I'm told that production of Vacherin Mont d'Or runs only until 15th March, which means that this very special cheese won't be gracing your local cheesemonger with its stench for much longer. It may also explain why the one I had was quite so pongy, as presumably earlier in the season the noxious chemicals in the flesh aren't quite so, er, lively. But actually, part of the fun - and it is great fun - of having a Vacherin in the house is that you are constantly reminded of its presence; it's sort of like taking temporary care of a neighbour's flatulent pet - it's a commitment undertaken to a living, breathing organism. If you can handle it, and if you have suitably understanding co-habitors, the rewards are potentially immense.

9/10

8 comments:

Kavey said...

Ha, yours must have been WELL AND TRULY RIPE to be quite that stinky! I love Vacherin, but I've never noticed the smell being QUITE that invasive!

I love love love this cheese!

I wrote a bit about the production and seasonality of it in a blog post in which I baked it whole and served with a crusty baguette. Here, if you're interested: http://goo.gl/5Tm1X

Did you get yours from cheese monger or supermarket?

Alex C said...

If you end up going to the Gavroche, it's well worth having a go at their triple creme Vacherin which is phenomenal.

The one you tried I usually take along to join the Christmas cheeseboard, and it's astonishing what it'll do to a silver spoon left in it overnight.

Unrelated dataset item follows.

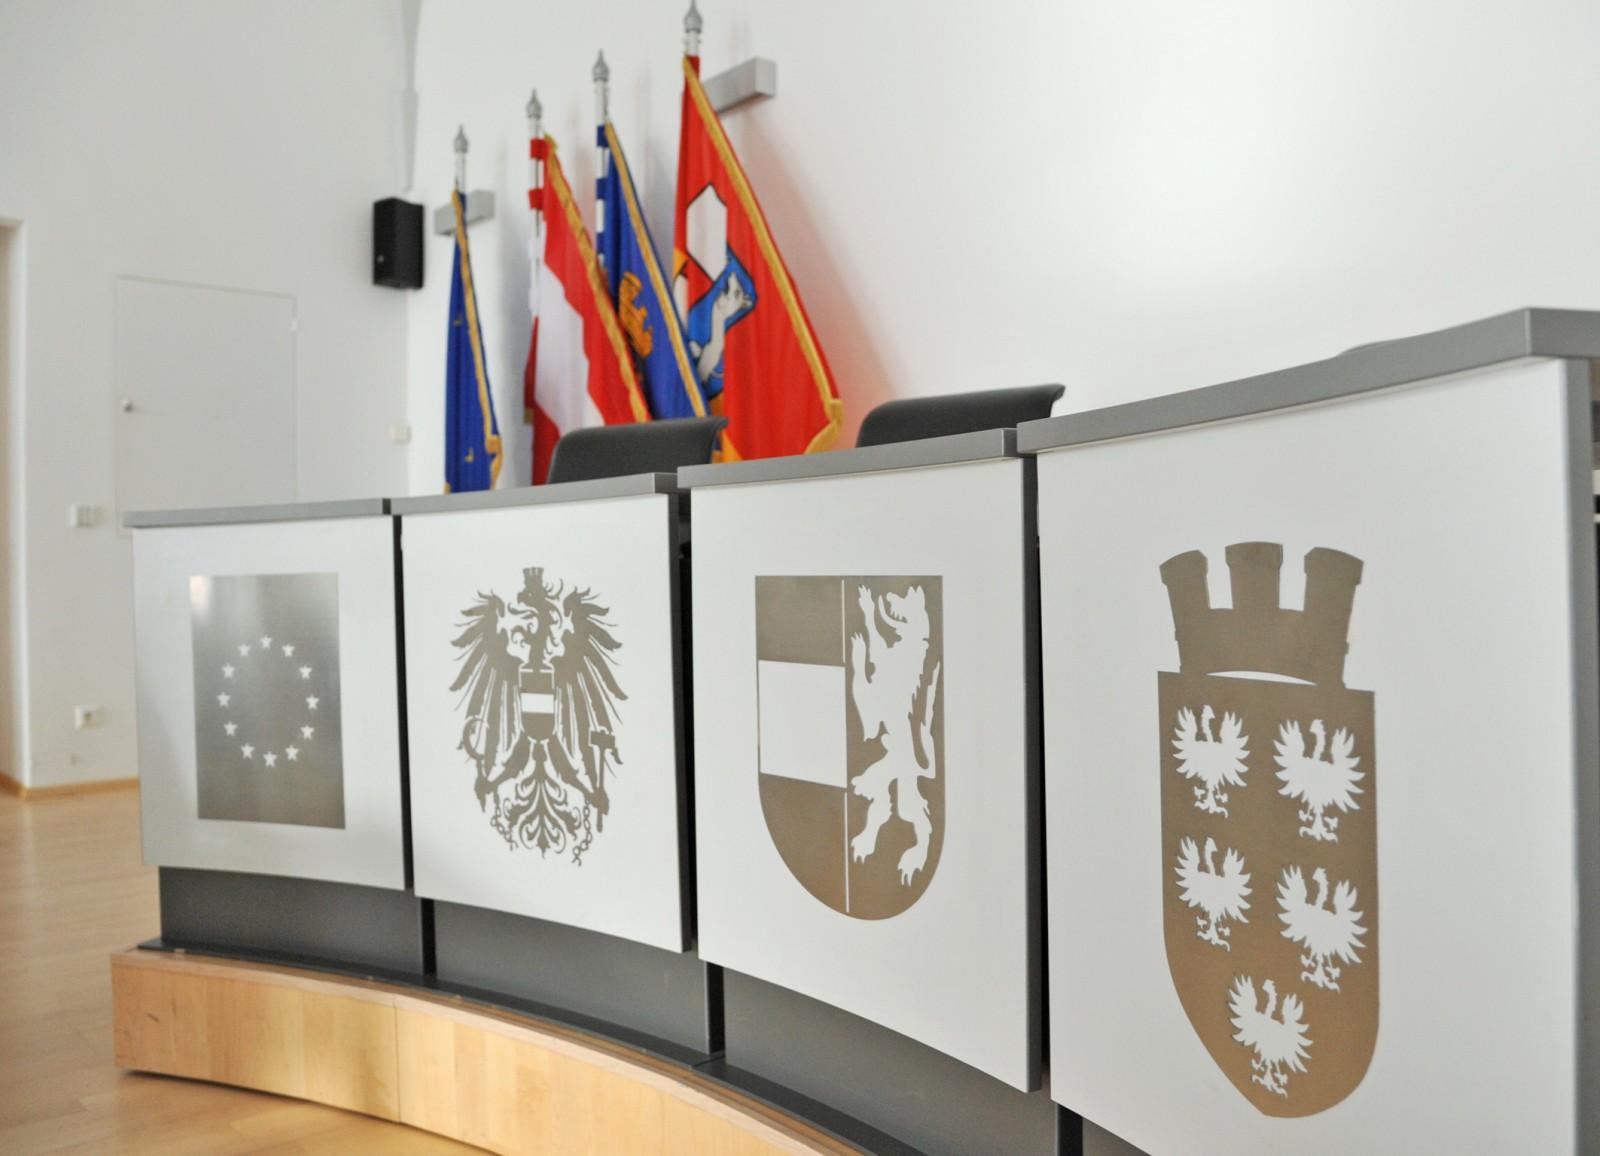 Beschlüsse im Stadtsenat und Gemeinderat am 27. März

Pretty gruesome - looks like a day old black eye.

I'm off to one of Mien Tay / Battersea Mess tonight with a mate though we'd divert to Battersea Mess if you fancied trying it out. 7.30 is pretty short notice...

Dan said...

Hahahah nice post on the horrors of a truly ripe cheese. Well done Chris for having the steely resolve to ignore the rotten corpse like smell and tuck in. You're a braver man than me.

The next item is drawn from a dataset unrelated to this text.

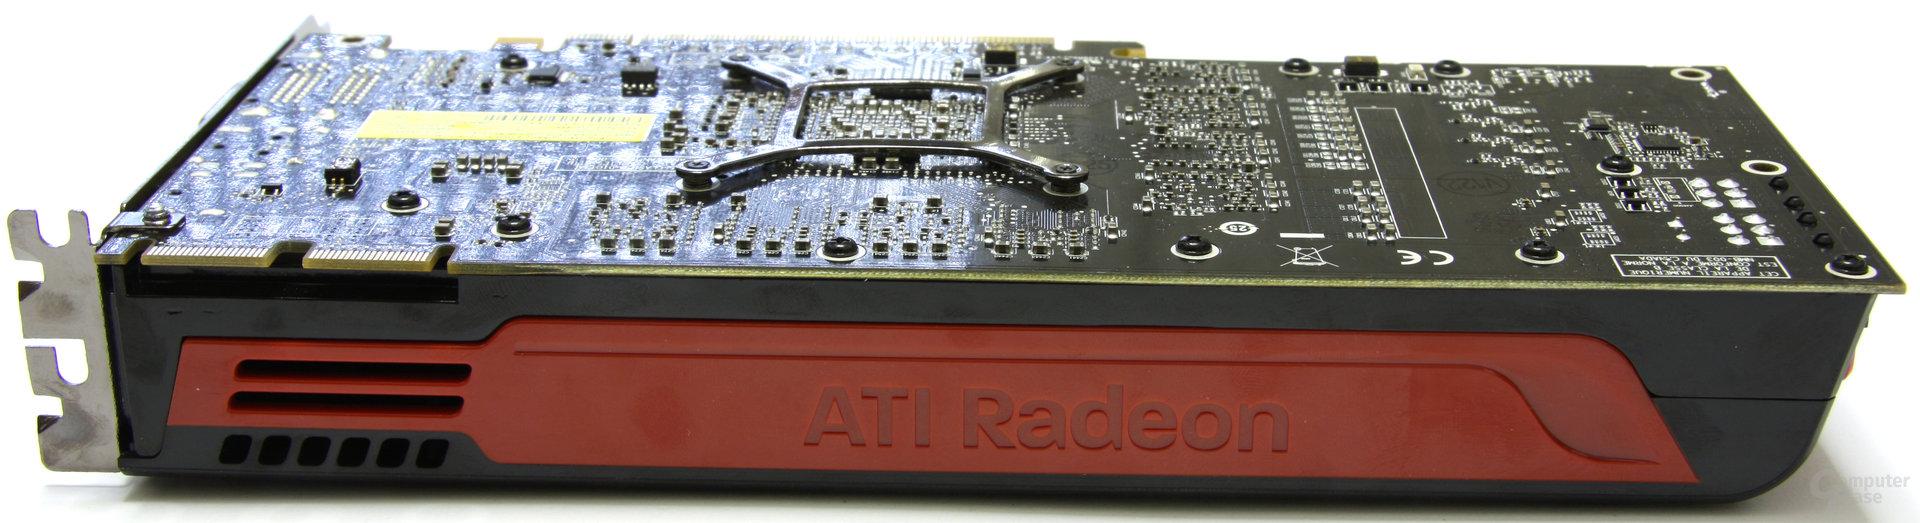 Radeon HD 5850 Schriftzug

I really like the seasonal aspect of this cheese, you wont see them again till Christmas now.

I've had a few Vacherin, and personally prefer them when they're not quite so ripe. I also reckon they are superlative baked and spooned onto bread with some cornichons on the side.

Ally Smith said...

I brought home a Vacherin from Megeve last week and have to say was rather disappointed in the level of ripeness - opposite end of the spectrum! Still, great cheese though!

Ncf21 said...

According to "cheese legend" Vacherin is best eaten higher than 1000m above sea-level (ie. where it is made) as it has more taste and much less stink. I can vouch for this after bringing one back from skiing hols - as the bus drove down the mountain the smell got worse and worse, everyone on board evidently looking around to find the guilty corpse/party. We tried keeping it in the garage at home but even there it stank the house out and my dad threw it away...

Chris Pople said...

Kavey: Was from Waitrose!

Alex C: Sorry, missed you again. As you may have noticed by now, last night I was paying over the odds for rather humdrum food at Ceviche.

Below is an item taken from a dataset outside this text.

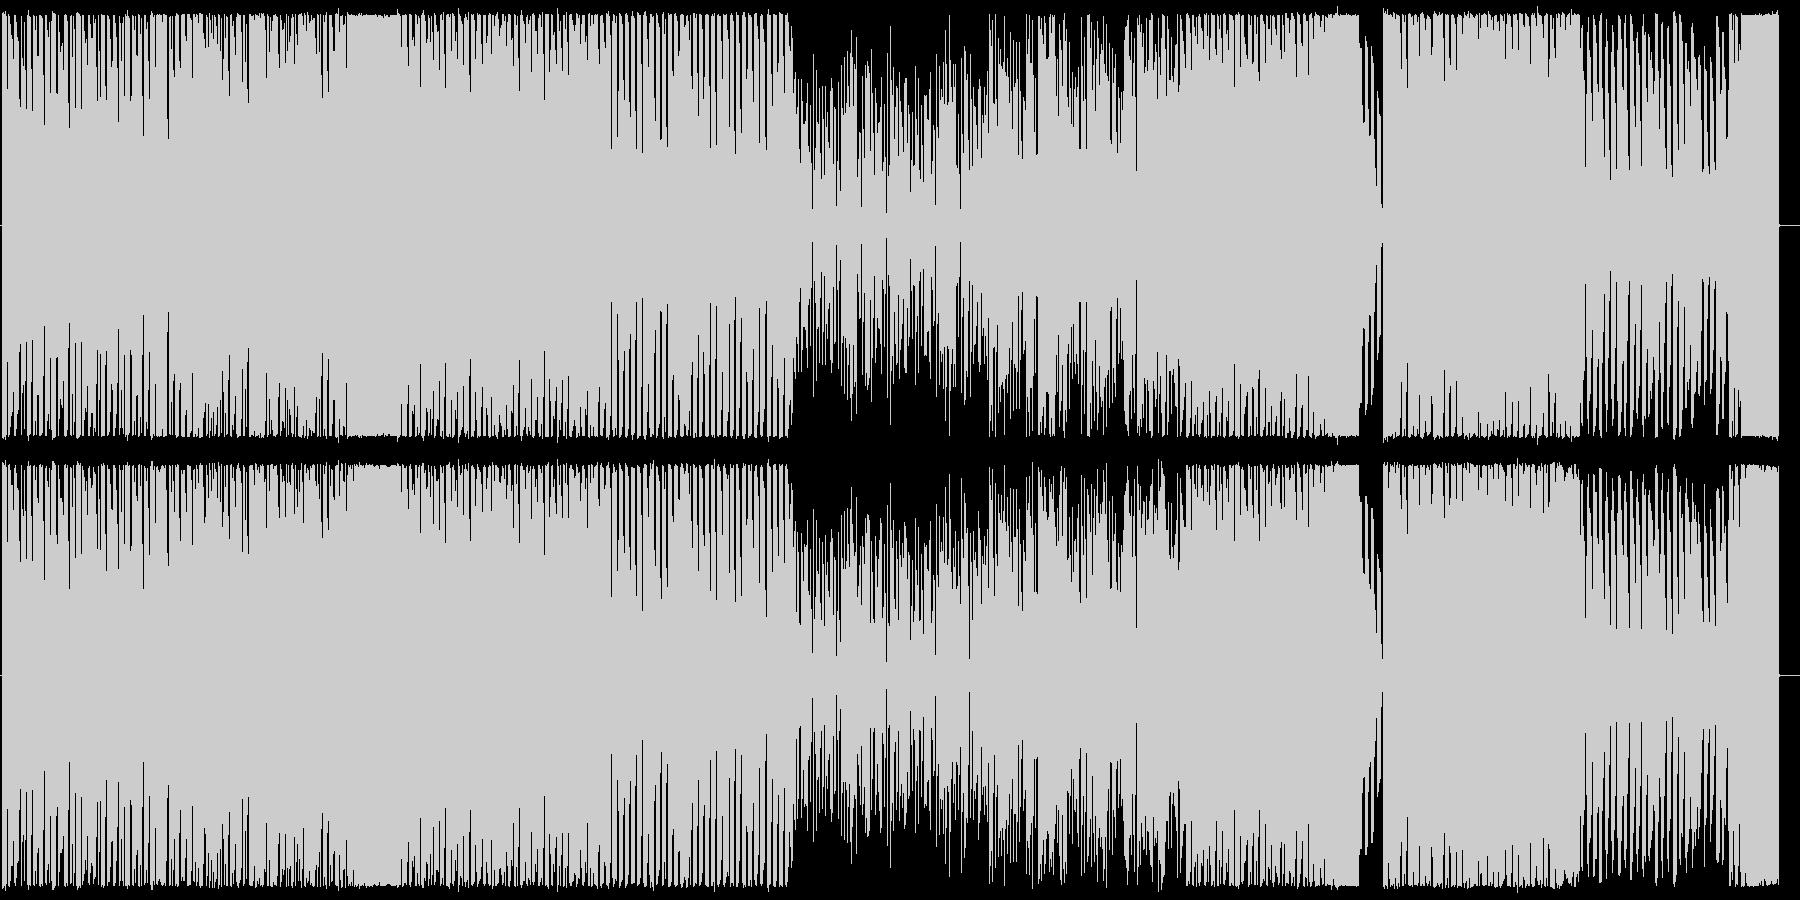 ハイテンポで楽しいイメージのBGMの未再生の波形

Ncf21: I have sympathy for both you and your dad.

Rowena said...

I picked one up last month at a traveling french market in the suburbs of Milan. The cheese vendor had an opened vacherin out on the counter (now that's one way to either lure 'em in or chase 'em away) and when we asked "what is that SMELL?", he promptly offered us a taste. We fell in love with it instantly, and when we told him that we really like stinky cheese, he suggested to wait a month before eating it, then when we're ready to serve it, put some minced garlic and a splash of white wine on the top and bake. What bliss! Our whole kitchen smelled like a ton of dirty gym socks!

Unknown said...

I was given one of these as a gift from a French colleague after it was mentioned in a book I was reading - "A Year in the Merde". Put it in my luggage for the flight home, and while waiting for it on the baggage carousel I could smell my case before I saw it!! Not a pleasant smell at all but love the taste of it.